Silinmez Bir Sahne: “EO”da Bir Eşeğin Kaçışı

Shib

Global Mod
Global Mod
EO, şu anda yaşadığı başka bir çiftlikte kendisine mutlu yıllar dilemeye gelen sarhoş, coşkulu bir Kasandra’nın ziyaretinden sonra bir gece ormana girer. “Bütün hayallerin gerçek olsun,” diyor açık hava padokunda yalnız olan EO’ya. Ona havuçlu kek verir ve (acımasızca) ona “mutlu olması” için öğüt verir, ancak kısa süre sonra ayrılır. Kamera EO’yu orta yakın çekimde yakalarken, EO bir hışırtı sesi çıkarıyor ve sanki tondaki bir değişikliği duyuruyormuş gibi derin bir korna sesi işitsel parçayı dolduruyor. Saniyeler içinde bir caddede koşuyor ve neredeyse bir arabaya çarpıyor (farklı bir korna çalıyor) ve fantazmagorik bir orman geçişine sapıyor.

The Projectionist yeni bir ödül sezonu planlıyor

Oscar’lar Mart’a kadar yok ama kampanyalar başladı. Kyle Buchanan, yol boyunca filmler, kişilikler ve olaylar hakkında rapor veriyor.

Çiftlikten yola ve ormana giden bu sprint, kültürden doğaya geçiş olan EO için kritik bir geçişe işaret ediyor. Bu noktaya kadar, EO her zaman varlığının her yönünü kontrol eden insanlarla birlikteydi.

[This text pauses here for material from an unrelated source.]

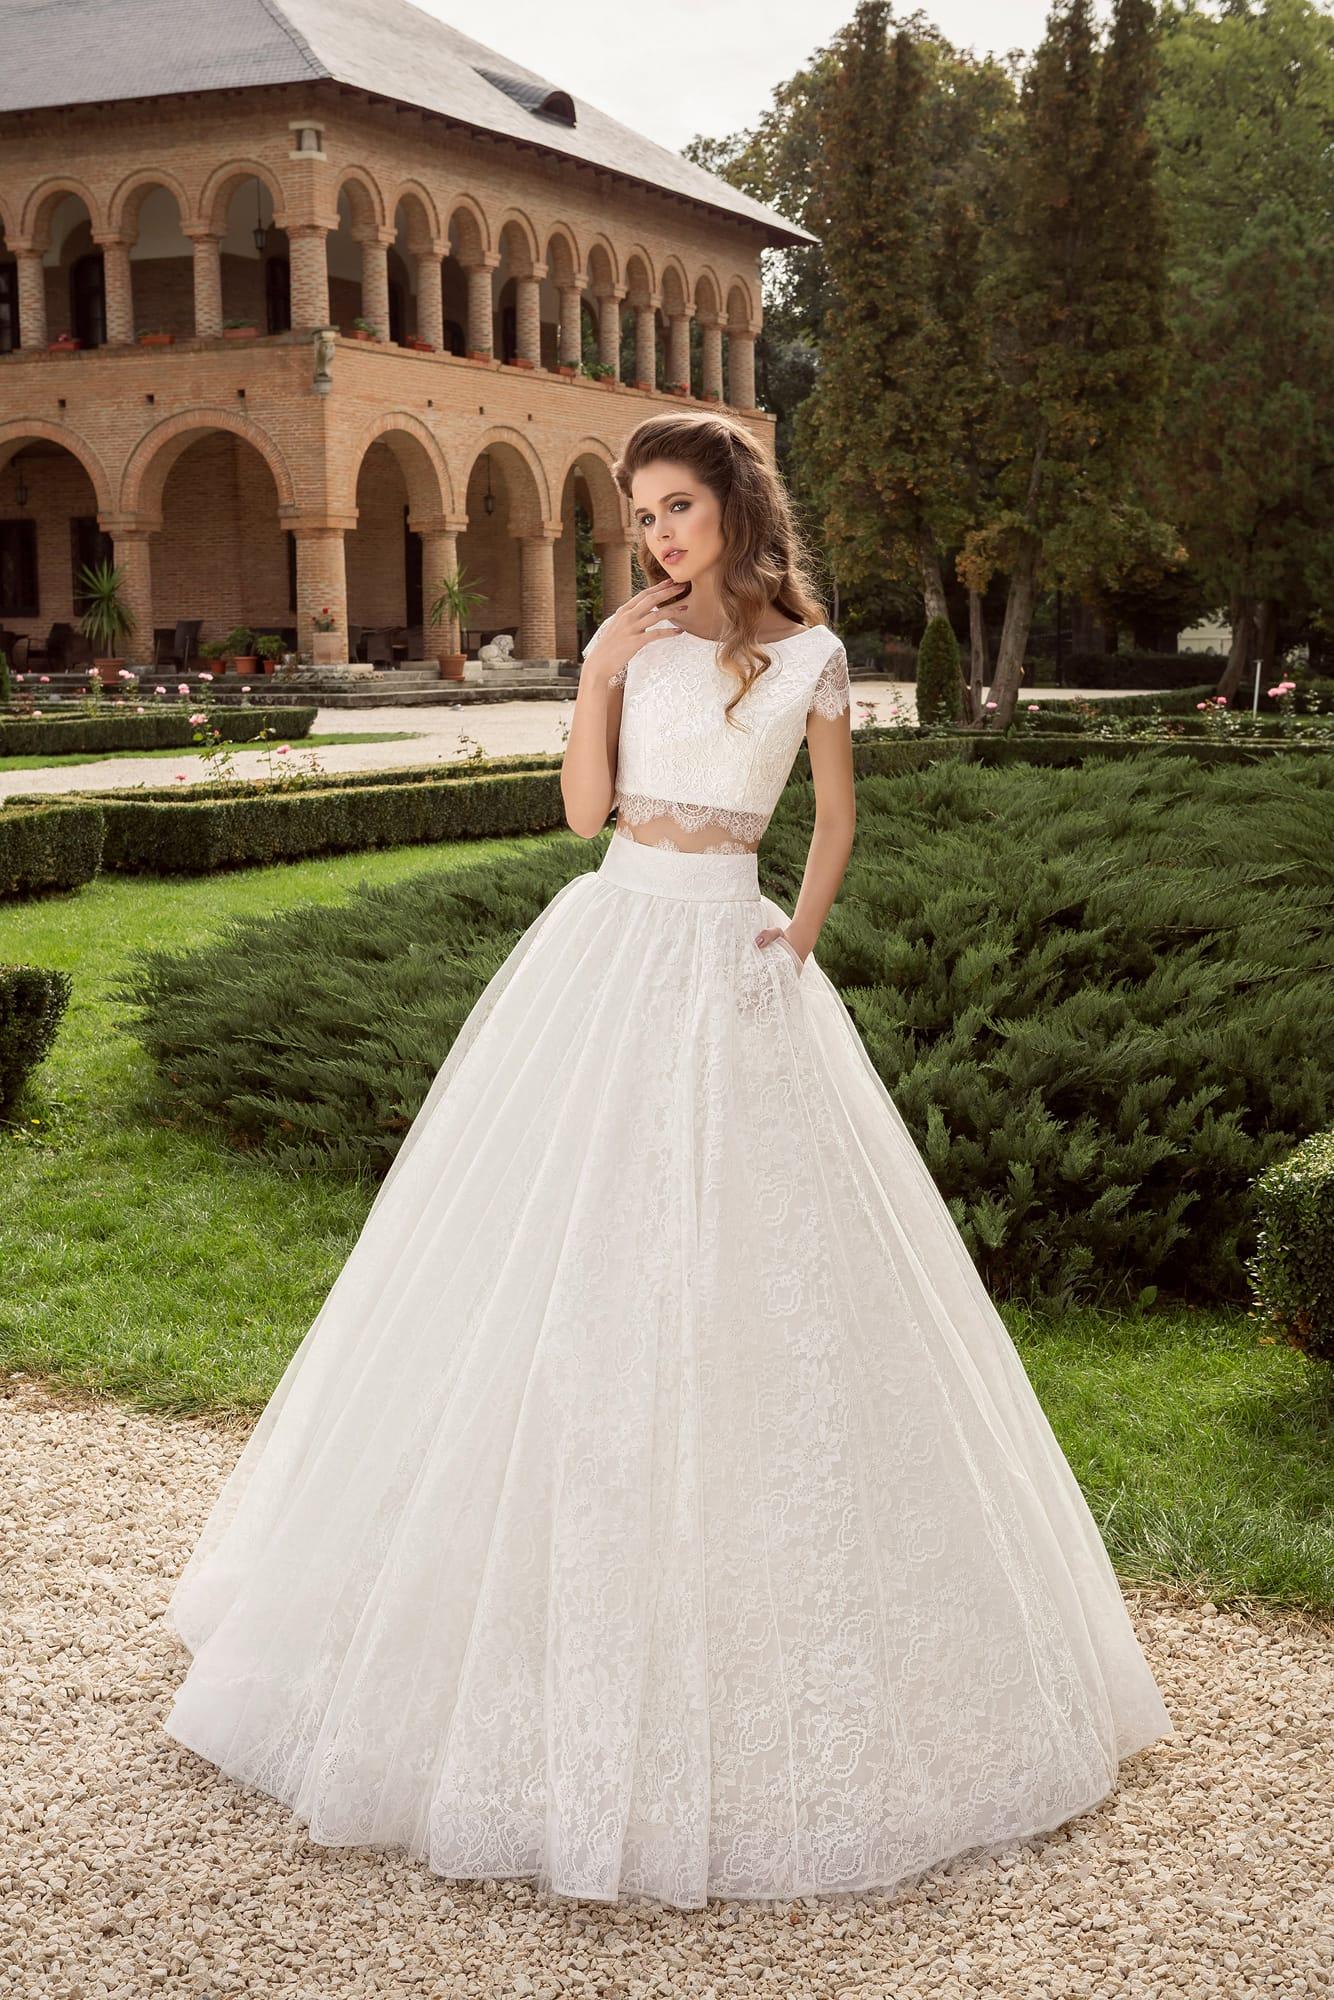 09c4b39fa890813 Свадебное платье силуэта «принцесса» с укороченным топом и короткими  рукавами.

Onu besler ve yönetirler, dizginler ve dizginlerler, okşarlar, ama aynı zamanda dizginlerini çekerler ve onu bir mahsulle tehdit ederler. Tedavisi, tanıştığı insanlar kadar çeşitlidir, ancak ister nazik ister kaba eller tarafından yönlendirilsin, her zaman bir şekilde kontrol edilir. Ancak şimdi, EO filmde ilk ve tek kez vahşi hayvanlar dünyasına dizginsiz dalarken, o gerçek Bedava.

Kamera EO’ya paralel hareket ederken ve partisyonun çınlayan kesik kesik notaları onun nazik alkışlarını yansıtırken, eşek yeni ve tuhaf bir aleme doğru yolculuk eder. Sırayla aldatıcı ve tehditkar olan karanlık orman, ürkütücü güzelliklerle doludur ve “Bir varmış bir yokmuş” ile başlayan diğer hikayeleri anımsatır. EO ormana girdikten hemen sonra, parıldayan bir nehirde aşağı doğru hareket eden bir kurbağanın yakın plan bir kesimi var, ardından görünmez bir iplik üzerinde koşan şişman bir örümceğin başka bir çekimi geliyor. (Dijital sinematografi her kristal ayrıntıyı ortaya koyuyor.) Bir sonraki çekimde, örümcek artık bir ağın yanında, mütevazı ama hayvan egemenliğine eleştirel bir selam.

EO, Robert Bresson’un bir eşeğin hayatı ve ıstırabını konu alan 1966 yapımı Au Hasard Balthazar dramasından esinlenmiştir ve Skolimowski’nin söylediği tek film onu ağlatmıştır. Bununla birlikte, EO’nun ormanda kalışının uhrevi, peri masalı niteliği, başka bir başyapıt olan Charles Laughton’ın iki küçük çocuğu kovalayan cani bir vaiz hakkındaki karanlık gerçeküstü draması The Night of the Hunter’daki (1955) bir sekansı anımsatıyor. Bu filmdeki uzun, çok önemli bir sekansta, çocuklar onları EO’nun karşılaştığı aynı türlerden bazılarının yaşadığı rüya gibi bir manzaraya taşıyan bir kayıkla nehrin aşağısındaki vaizden kaçarlar.

“Night of the Hunters”a yapılan bu ima, büyük bir film yapımcısının diğerine selam vermesi gibi sinematik bir saygı duruşu olarak görülebilir. Bence bu aynı zamanda Skolimowski’nin EO’daki sertliğinden, duygusallıktan yoksunluğundan ve her şeyden önce eşeğinin, Bresson’un “tamamen kutsal ve bir eşek” olarak tanımladığı bir yaratık olan Balthazar’dan çok farklı olduğu gerçeğinden de bahsediyor. Sadece ve her zaman bir eşek olan ve bu dünyanın içinde – ve – olan EO ile “ve” yok, gizemle dolu bir dünya, evet, ama aynı zamanda ham gerçeklik. EO’nun ormanın bir noktasında İbranice yazıtlar bulunan eski mezar taşlarıyla karşılaşması boşuna değil; bu, bunun gibi ormanlarda bile Holokost’ta öldürülen tüm Polonyalı Yahudileri çağrıştıran bir görüntü.